OZAV – Operationszone Alpenvorland

/

Following the Ordinance issued by Hitler on 10 September 1943, which divided Italy into “operations zones and the remaining occupied territory”, the provinces of Trento, Bolzano and Belluno – from which the municipalities of Cortina d’Ampezzo, Livinallongo del Col di Lana and Colle Santa Lucia were transferred to the jurisdiction of Bolzano – became part of the Operationszone Alpenvorland (Prealps Operations Zone, OZAV).
The governor of Tyrol, Franz Hofer, was appointed Supreme Commissioner, and was determined to reunify the ancient county of Tyrol divided between Italy and the Reich.

In this scenario, already envisaged under the “Options”, which had begun in 1939 and gave German-speaking South Tyroleans the possibility of leaving Italy to move to the territories of the Reich, the question of forced labour became crucial.

The need to replace workers who had moved away, on the one hand, and to restore repeatedly bombed roads and railway lines, on the other, led to the massive recruitment of manpower, especially from the province of Belluno, assigned to Bolzano, Innsbruck and Landek, as well as from Eastern Europe. This recruitment was initially carried out on a voluntary basis, later through conscription.

From the spring of 1944 onwards, when the reluctance to apply for jobs in Germany spread, and at the same time the partisan struggle intensified, the dragnets and roundups, carried out systematically in the Belluno area, often provided forced labour, this time for German industries. In addition to this, hundreds of men in the province were employed by Organisation Todt in the construction of an impressive anti-aircraft defence and protection system.

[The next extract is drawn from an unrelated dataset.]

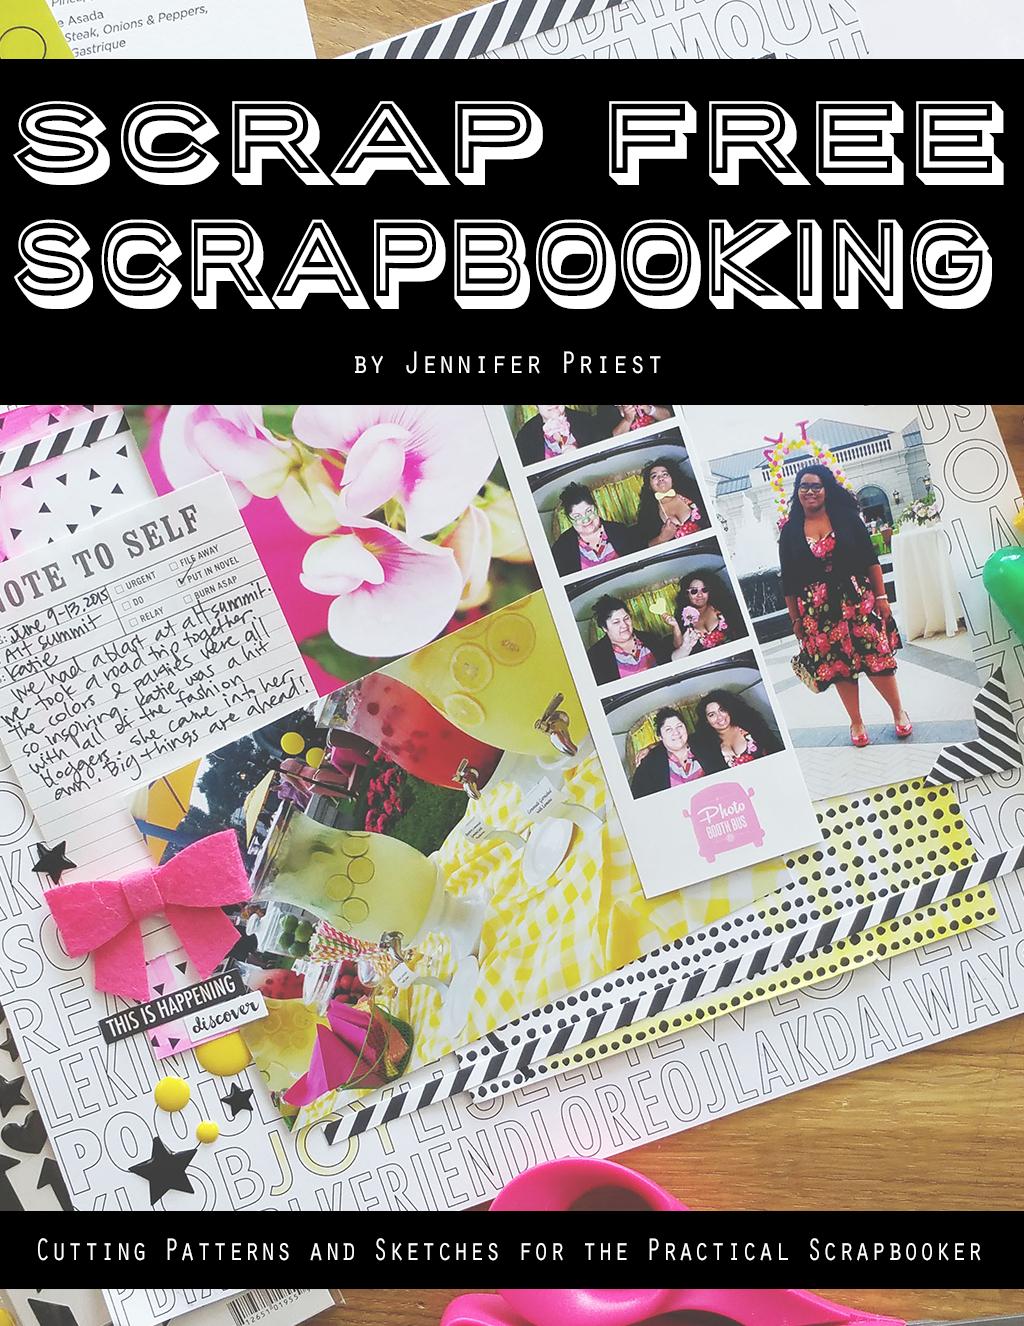 ScrapFree-Scrapbooking-Cover

Thus it was that the concentration camp of Bolzano, which became operational on 15 May 1944 as a labour re-education camp (Arbeitserziehungslager), in August the following year became a transit and police camp (Polizei – und Durchgangslager) where the fates of those sent to the labour camps in the satellite facilities, those sent to labour camps in the Reich, and those to the KL, diversified.